Because young players have changing muscle mass and growing bones, they require not just sport-specific instruction, but also general training in an important skill like deceleration.

Lower Gear
A great deal of practice time goes into teaching young athletes how to get faster and turn more quickly. These skills lend themselves to numerous sports, including baseball, football, basketball, tennis, and volleyball. Even gymnastics involves sprinting in many of its floor exercises.

But deceleration, which involves learning how to slow down and change direction safely before re-accelerating, is equally important. In many cases, it's actually more crucial for injury prevention than learning to increase speed.

Big Benefits
Deceleration training is more than simply slowing down as quickly as possible. It involves a professional who looks at the body mechanics of a particular athlete, and factors in the type of sport he or she plays. For example, a teenage girl who plays basketball will have different deceleration techniques than a middle-school boy in football.

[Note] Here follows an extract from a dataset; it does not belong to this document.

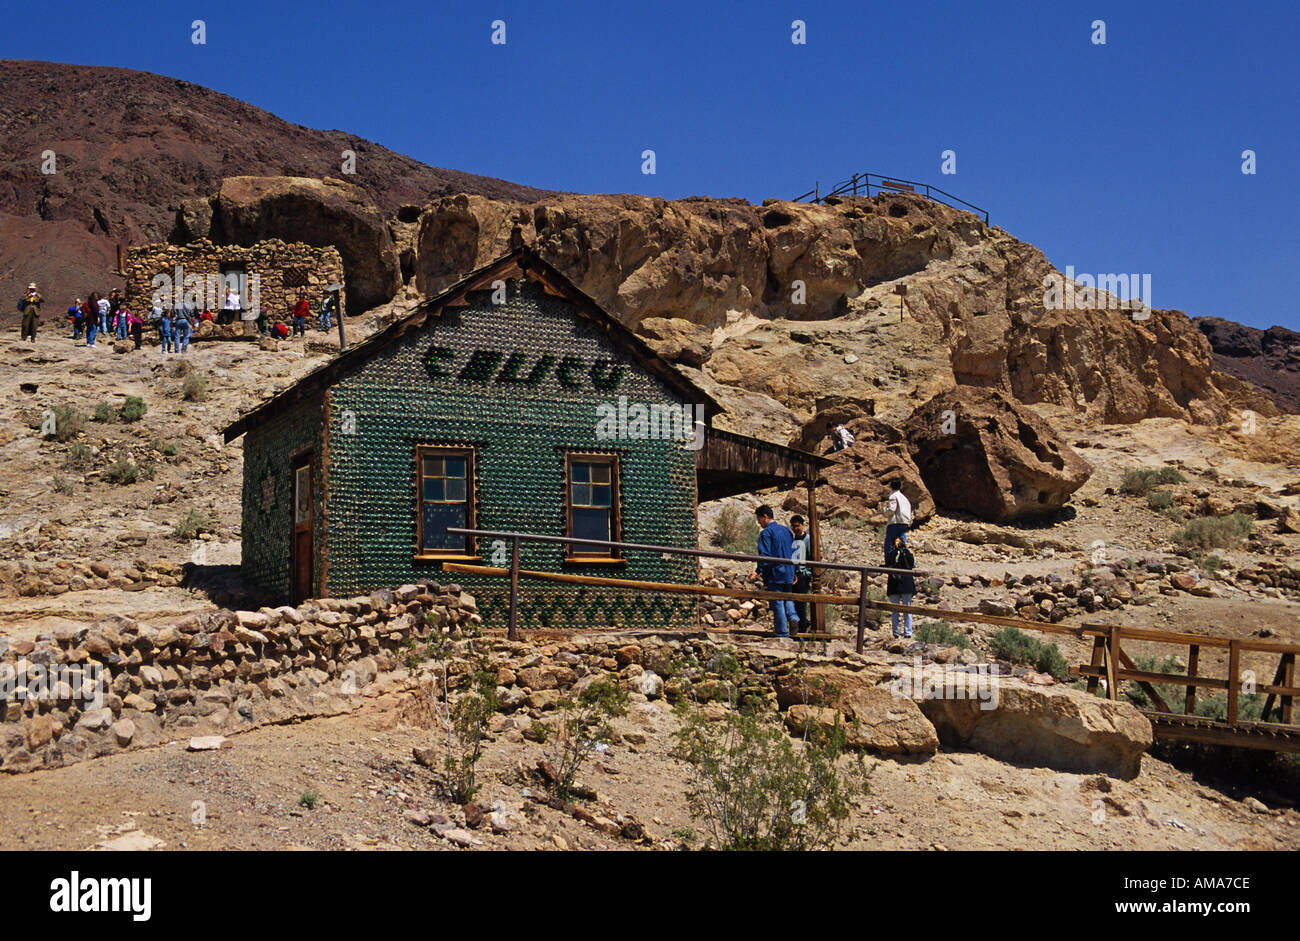 Désert de Mojave en Californie Calico Ghost Town House bouteille touristes asiatiques Banque D'Images

But there are some commonalities when it comes to benefits. Deceleration training prevents numerous injuries, particularly ACL tears that might result from improper turns at high speed.

The training can also improve sports performance. Although some people might think that teaching kids to slow down would hinder their ability to gain speed and endurance, the opposite is true. Because deceleration teaches body control at a higher level, young athletes are able to increase skill in a sport. For example, tennis players who only develop acceleration will excel at one movement for a swing, but will have difficulty changing direction, which will weaken subsequent shots.

If you have a young athlete — or more than one — who spends a great deal of time on practice drills, consider introducing the concept of deceleration into their training. Most likely, their knees will thank you in the long run.